- Exercise aim -
Transcribe the listing in full, excluding any pictures.

- Recorded data -

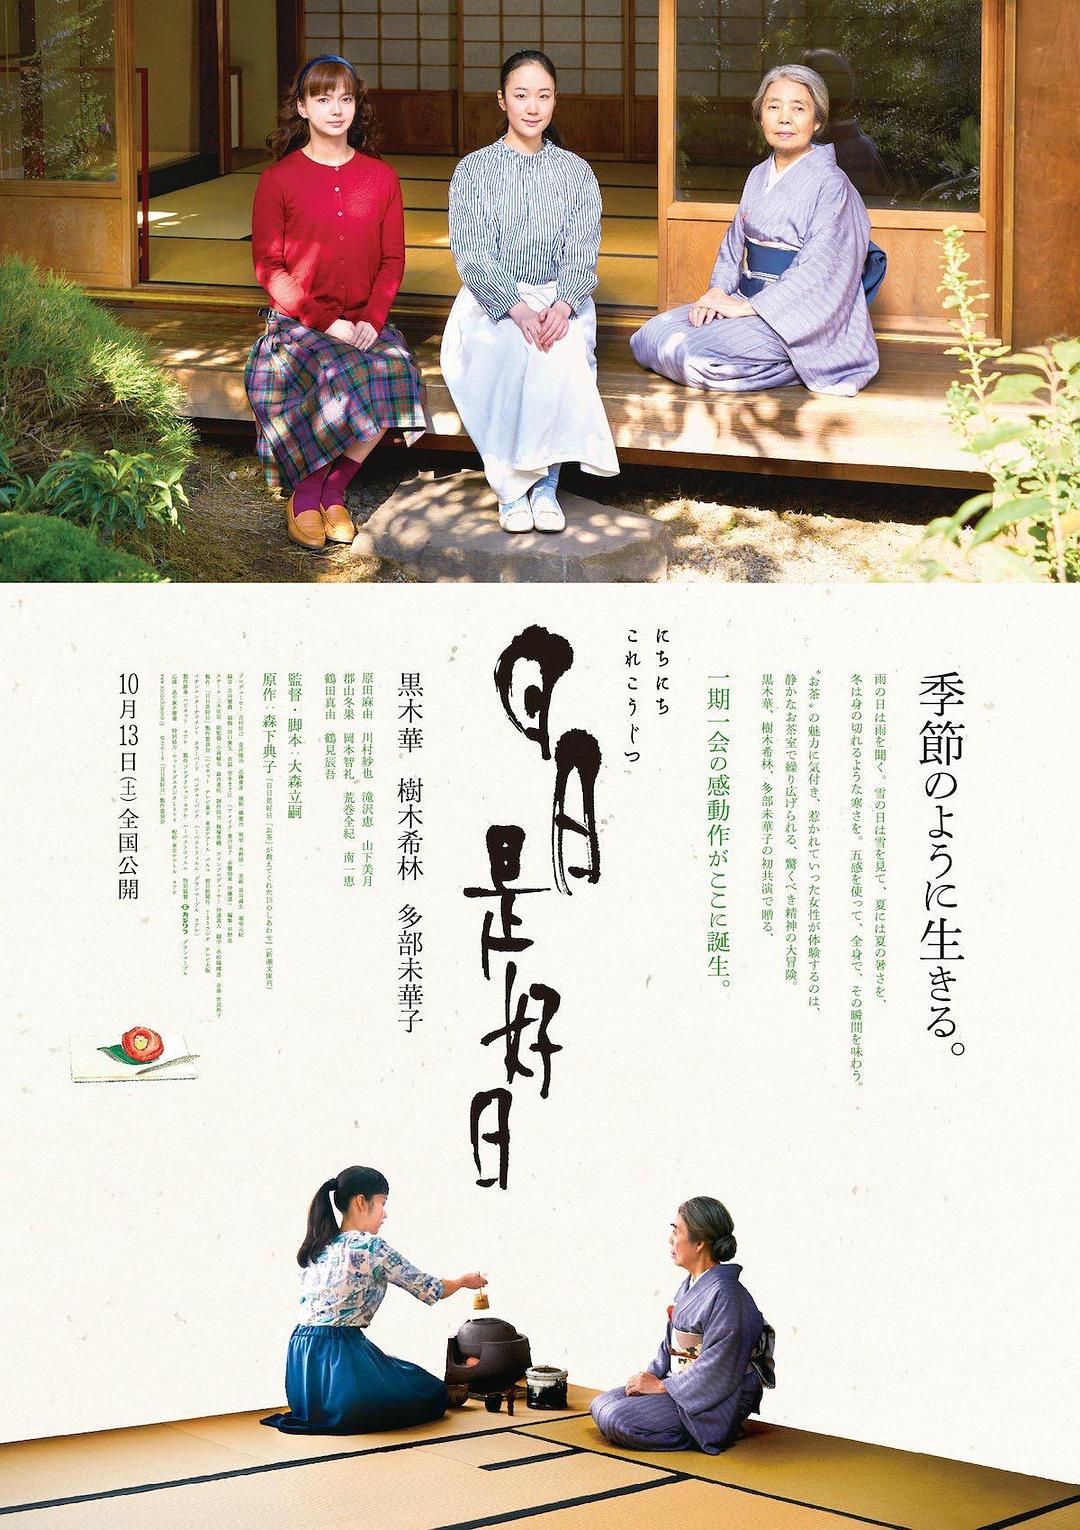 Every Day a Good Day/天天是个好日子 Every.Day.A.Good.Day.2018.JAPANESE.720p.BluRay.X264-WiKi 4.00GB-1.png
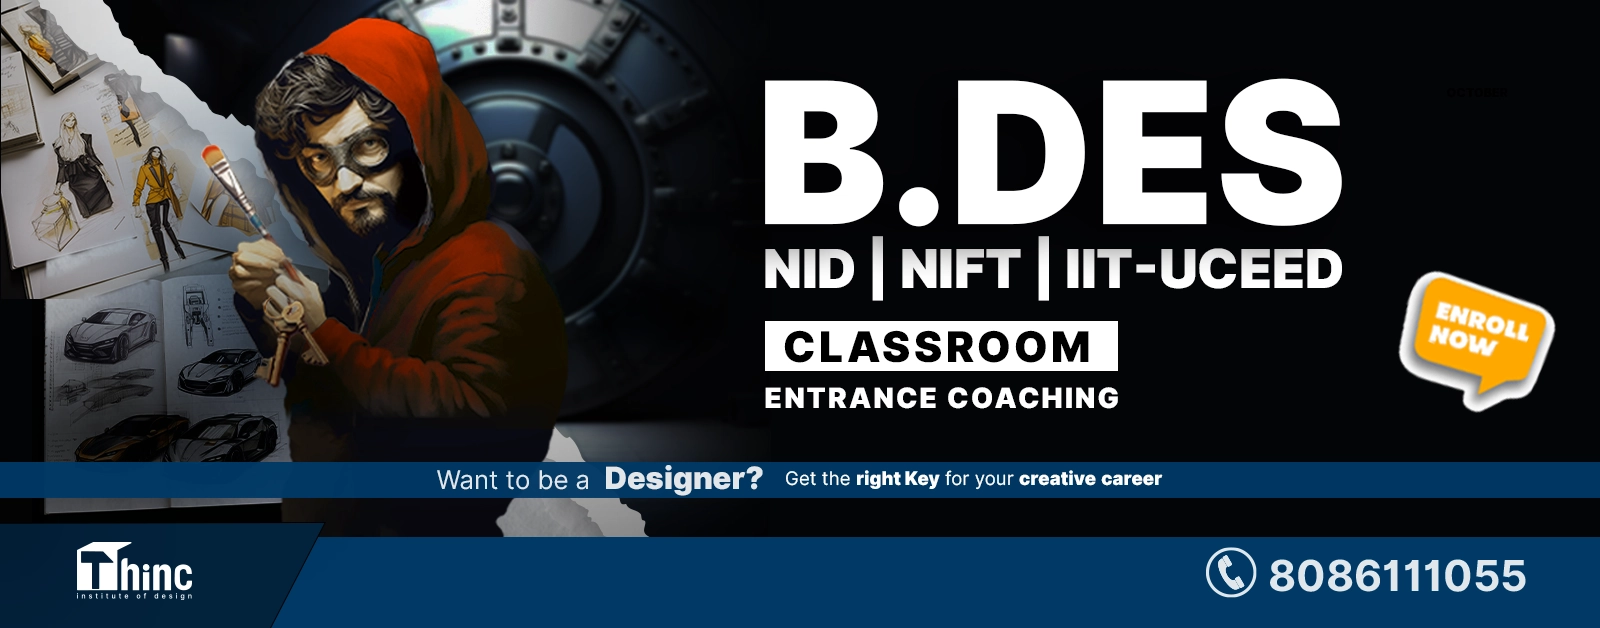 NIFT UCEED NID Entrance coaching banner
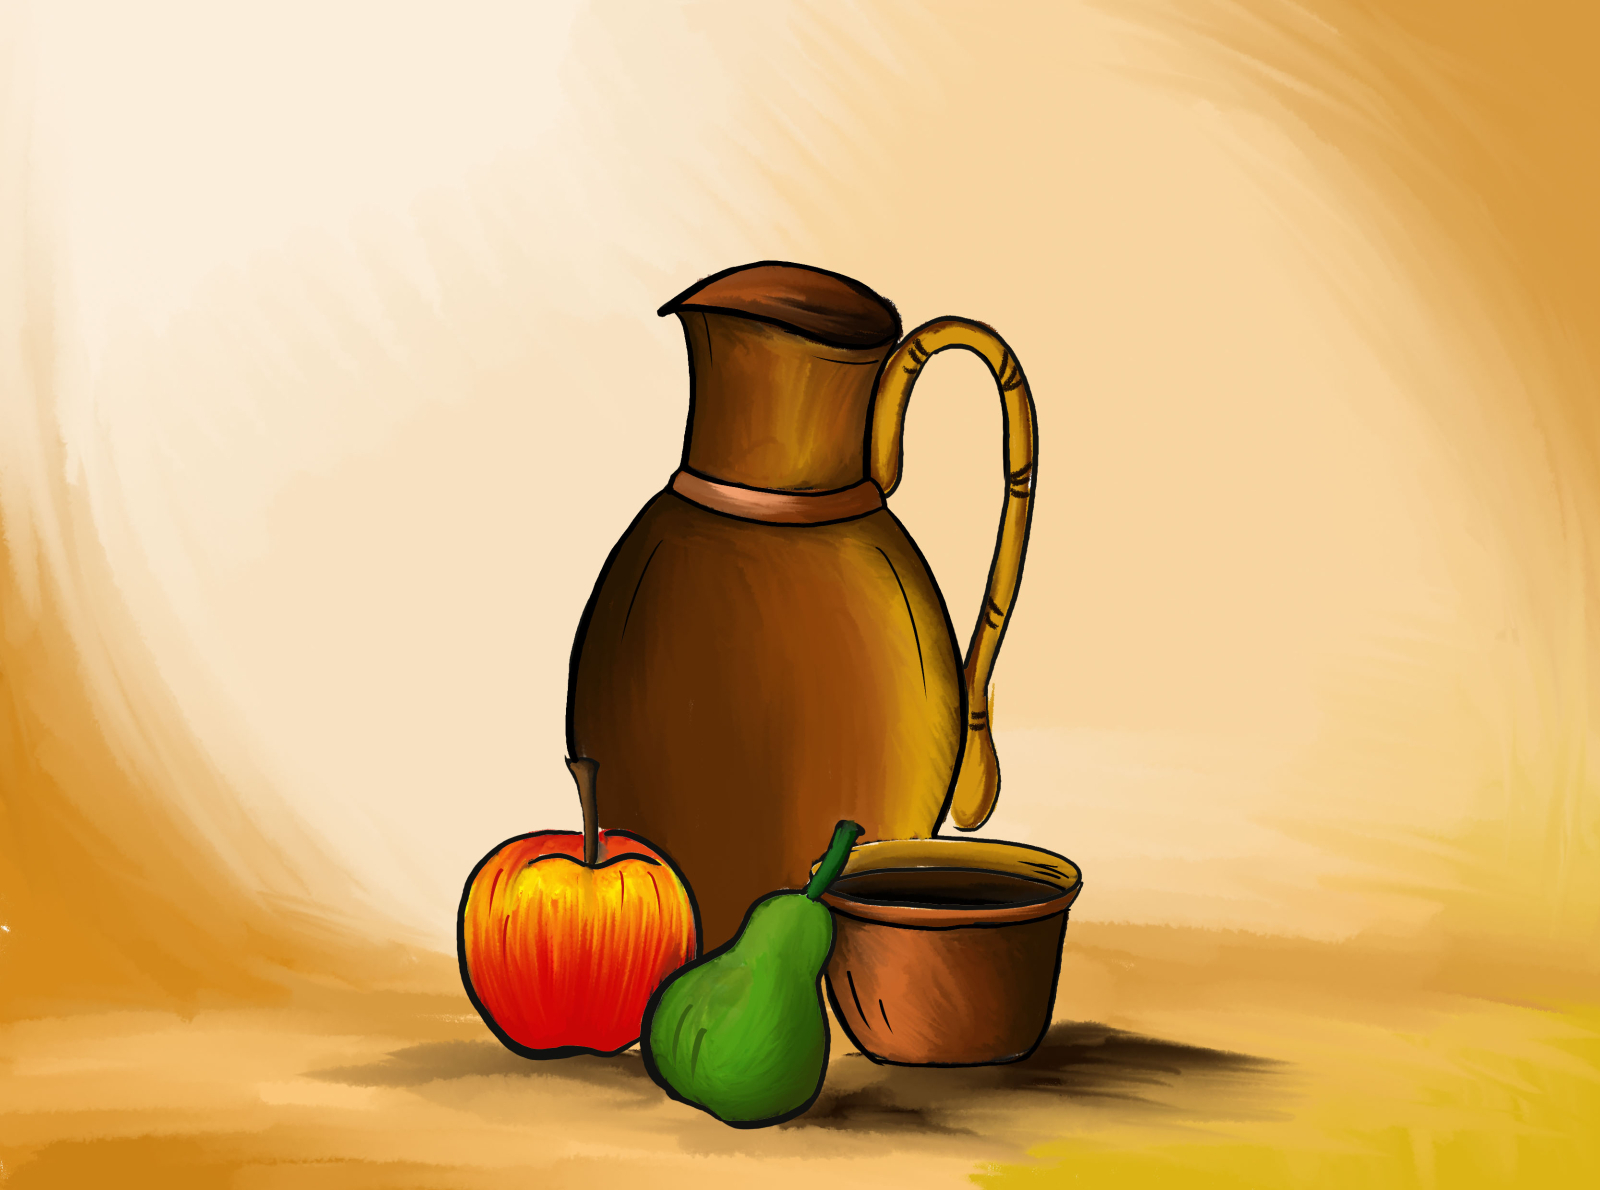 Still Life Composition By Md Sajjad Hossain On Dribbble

- Completed exercise -
 Every Day a Good Day/天天是个好日子 Every.Day.A.Good.Day.2018.JAPANESE.720p.BluRay.X264-WiKi 4.00GB-1.png
 NIFT UCEED NID Entrance coaching banner
 Still Life Composition By Md Sajjad Hossain On Dribbble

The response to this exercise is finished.